= John Joseph MacDonald =

Canadian politician (1891–1986)

John Joseph MacDonald (September 21, 1891 - September 24, 1986) was a member of the Senate of Canada from Prince Edward Island.

A farmer by occupation, MacDonald was born and raised in Glenfinnan, Prince Edward Island, but worked for many years in Alberta.

He enlisted in the Canadian Expeditionary Force during World War I and had the rank of lieutenant at the end of the war. He was awarded the Distinguished Conduct Medal in September 1918.

MacDonald served as president of the PEI Dairymen's Association and was also a volunteer board member of the East River Telephone Company and the East River Dairy Company.

A Progressive Conservative, he was summoned to the Senate on the advice of Prime Minister John Diefenbaker in 1958 and served in the upper house until his retirement in 1971. He gave his maiden speech on June 4, 1958.

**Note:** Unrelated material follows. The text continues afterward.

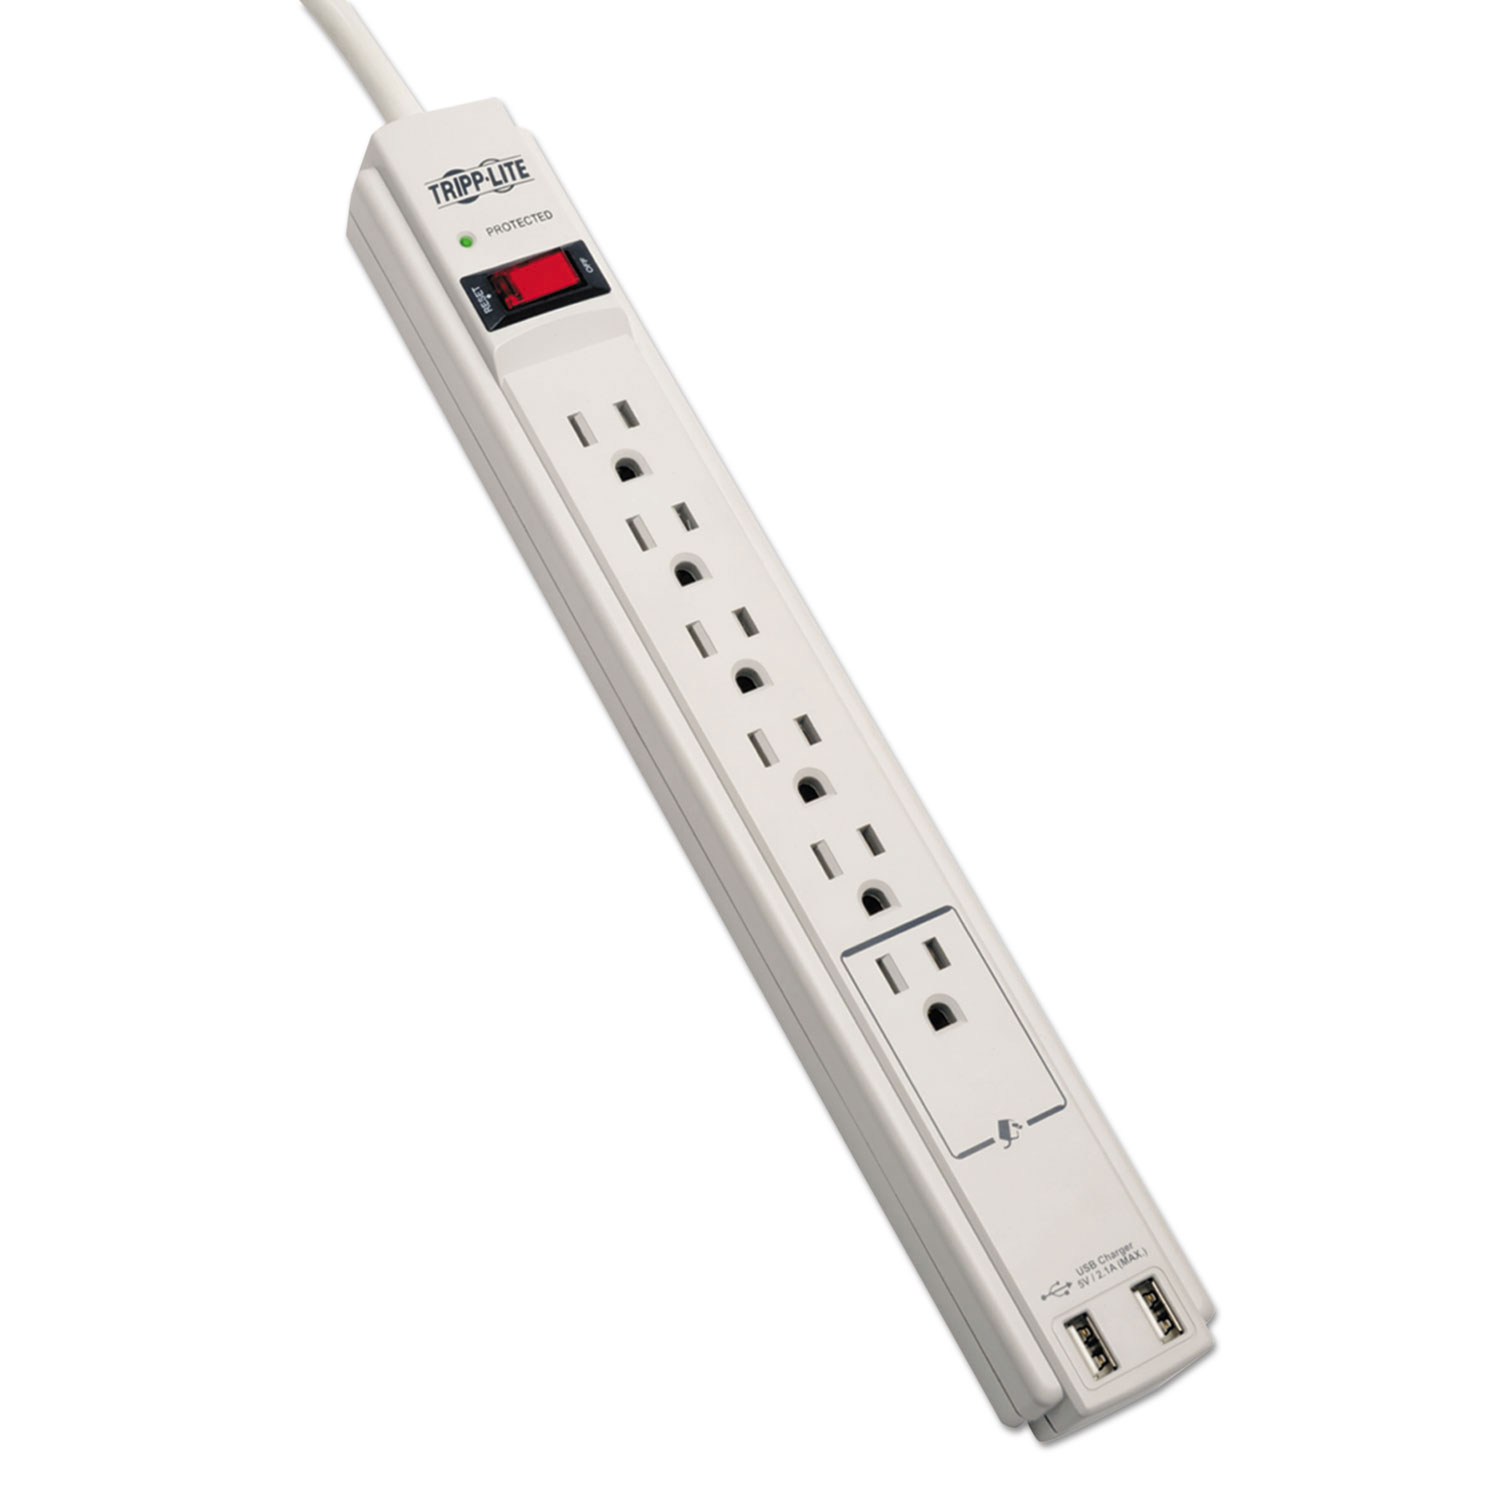 Protect It! Surge Protector, 6 Outlets/2 USB, 6 ft. Cord, 990 Joules, Gray

Senator MacDonald was also appointed with Senator Gladstone from Alberta. After Senator James Gladstone, had given his maiden speech about Bill-24 (Indian Act), Senator MacDonald talked about how he ended up in Alberta and started working for a term as a mechanic at an Indian Residential School with students who were from the Blood and Cree nations. After the war started, he met up with one of the former students also fighting in Europe during WWI.